Irish meat plants began killing cattle yesterday as part of a special scheme to combat BSE.
They are committed to slaughtering up to 25,000 animals a week and may kill 750,000 cattle over the next six months, producing an agricultural waste mountain of unprecedented proportions.
There seem to be few alternatives to burning this material, which must be destroyed in a way that guarantees BSE infection cannot spread.
Anaerobic composting (in the absence of oxygen) could dispose of the animals but might not clear any infection. Burying the animals would be rejected by the public as a potential BSE risk to groundwater. Locals dug up and dumped a BSE-infected animal last October that was buried close to water schemes near Loughrea, Co Galway, and similar action has been threatened in Co Mayo.
"Unfortunately it is not a simple question," said Prof Vincent Dodd, Dean of Engineering and Architecture at UCD. He doubts that composting is an option for such volumes of material. But carcass numbers will build up quickly in the coming months and they will have to be dealt with. "Are we going to freeze them forever?" he asked.
An incineration plant for carcasses was therefore "tied up with the whole question of waste", and whether society would tolerate incineration. "I think it is pretty difficult to sustain the idea that each village should have a church, a pub and a dump."
Yet incineration is not going to help get the Government on top of the BSE waste mountain, according to Mr P.J. Rudden, director at M.C. O'Sullivan, consulting engineers. His company has been promoting the incineration option for municipal waste through regional plans.
If immediate action was taken to build an incinerator for this animal waste, it could not be commissioned before 2004, Mr Rudden said. It would require at least two years for a planning process that would attract powerful and determined local opposition at any site chosen. Constructing the plant would take a further 18 months. Incineration does not provide a quick answer for the impending carcass stockpile.
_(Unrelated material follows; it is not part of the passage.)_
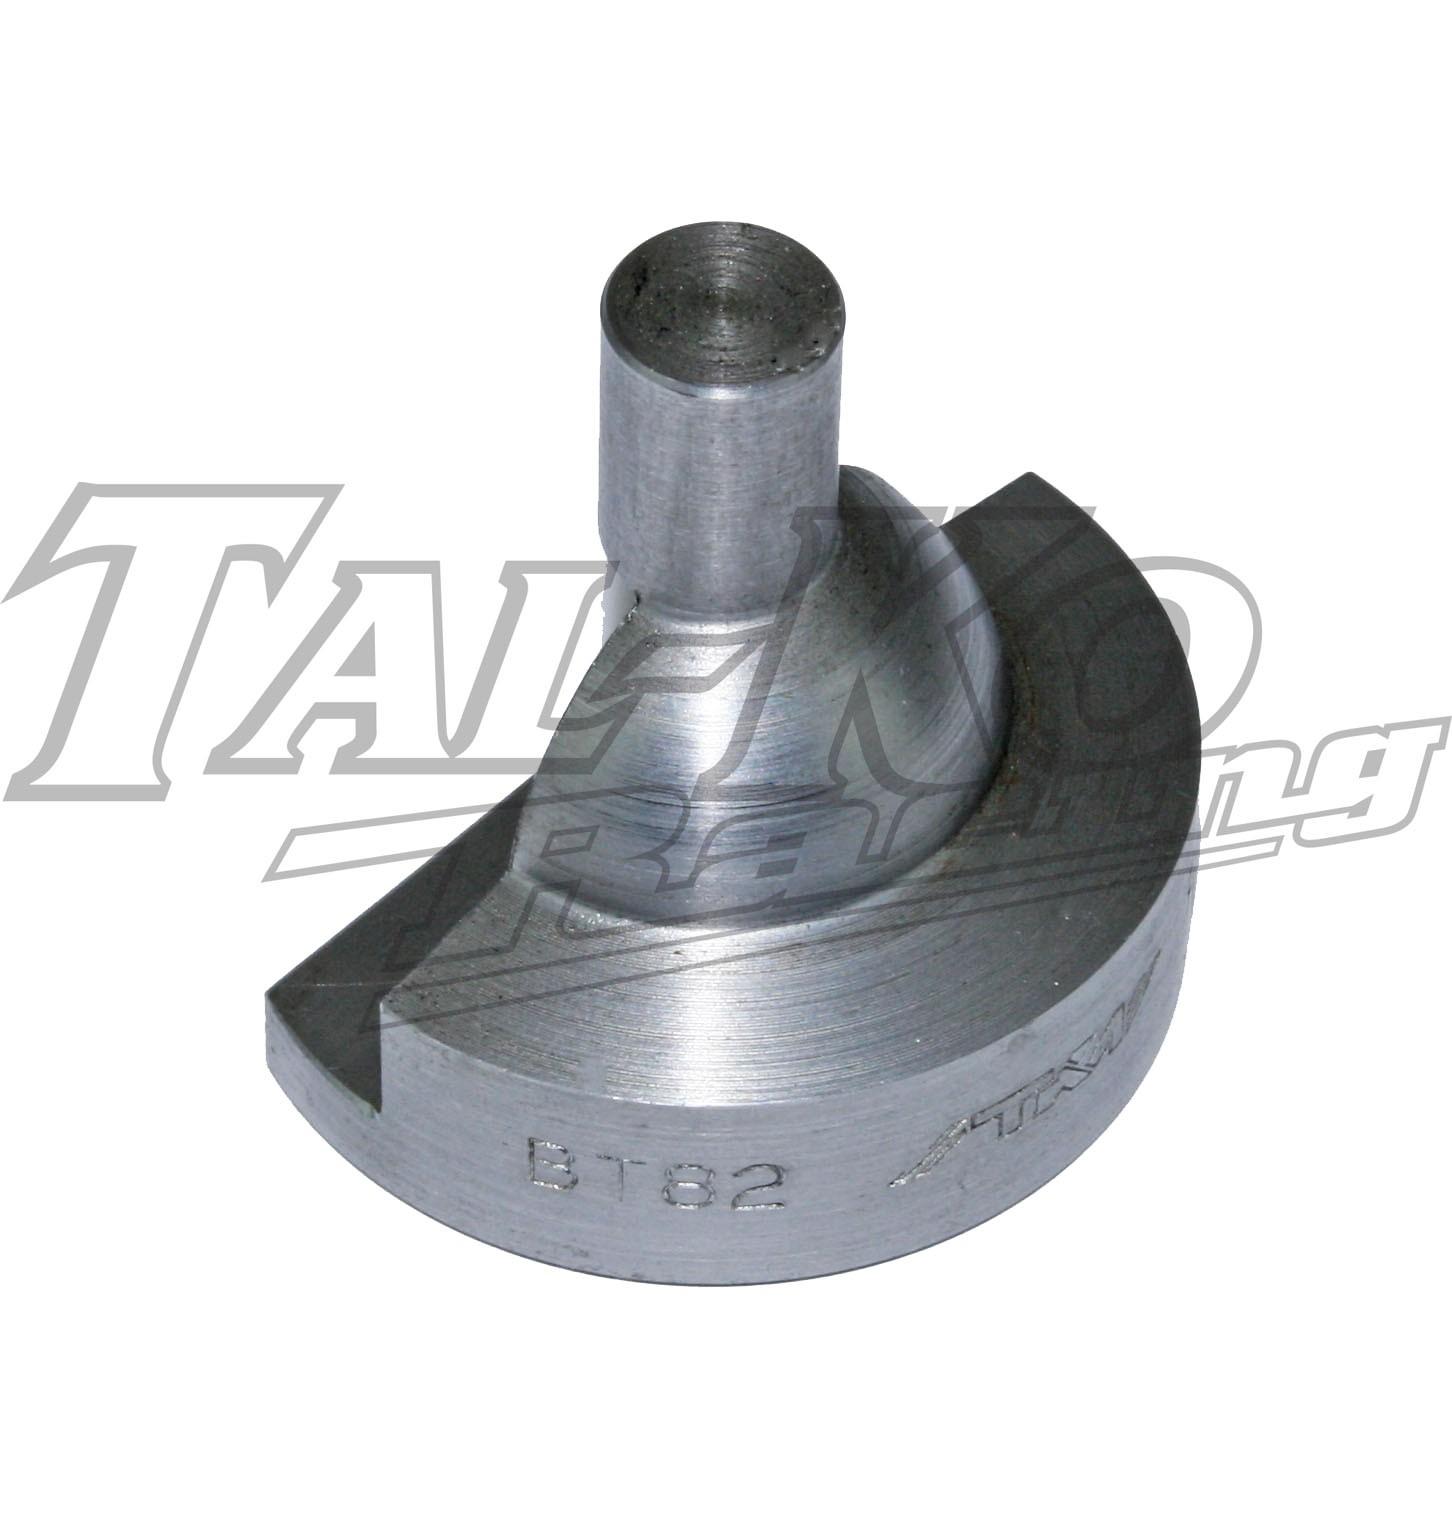 TKM BT82 FICHE HEAD GAUGE 11 DEGREES 100cc

Doubts about the justification for a large-scale cull were raised by Mr Trevor Sargent TD, Green Party spokesman on agriculture and food. It was being pursued at Government and EU level as much to protect markets as to protect health. "It is being treated more as a marketing problem than as a scientific problem," he said.
Mr Sargent said anaerobic digestion of animals processed into meat-and-bone meal was the best route for disposal and would also produce a fuel source, methane. More comprehensive testing might also provide an alternative to destruction, with animals cleared for BSE being allowed back into the food chain. There are alternative technical approaches, Mr Rudden said, but ultimately all were based on a form of thermal treatment, the use of extreme heat to dispose of carcasses.
Gasification involves heating to 2,000 degrees, , degrees C which produces a crystallised substance that could be used as a concrete aggregate. Pyrolysis produces a usable fuel and a charcoal-like residue. "None of these systems are proven, they don't have a track record," Mr Rudden added. Incineration did and "is very much part of European policy", he insisted.
Mr Rudden was dismissive of any dioxin risk associated with carcass incineration. "There is more dioxin generated by the open burning of waste here than all of the incinerators that have been proposed. The [dioxin] link to incineration is purely historical." Nor was there any proposal that there would be dual use of an incinerator for animal and municipal waste.
"I am not concerned about the emissions," Prof Dodd said. "If run properly, they work." Once an incinerator was installed, however, "you have to feed it", he added, and this could blunt efforts to reduce the waste stream through re-use and recycling. Sustaining a high enough volume of material through the incinerator would then become the challenge and dual use could come into play.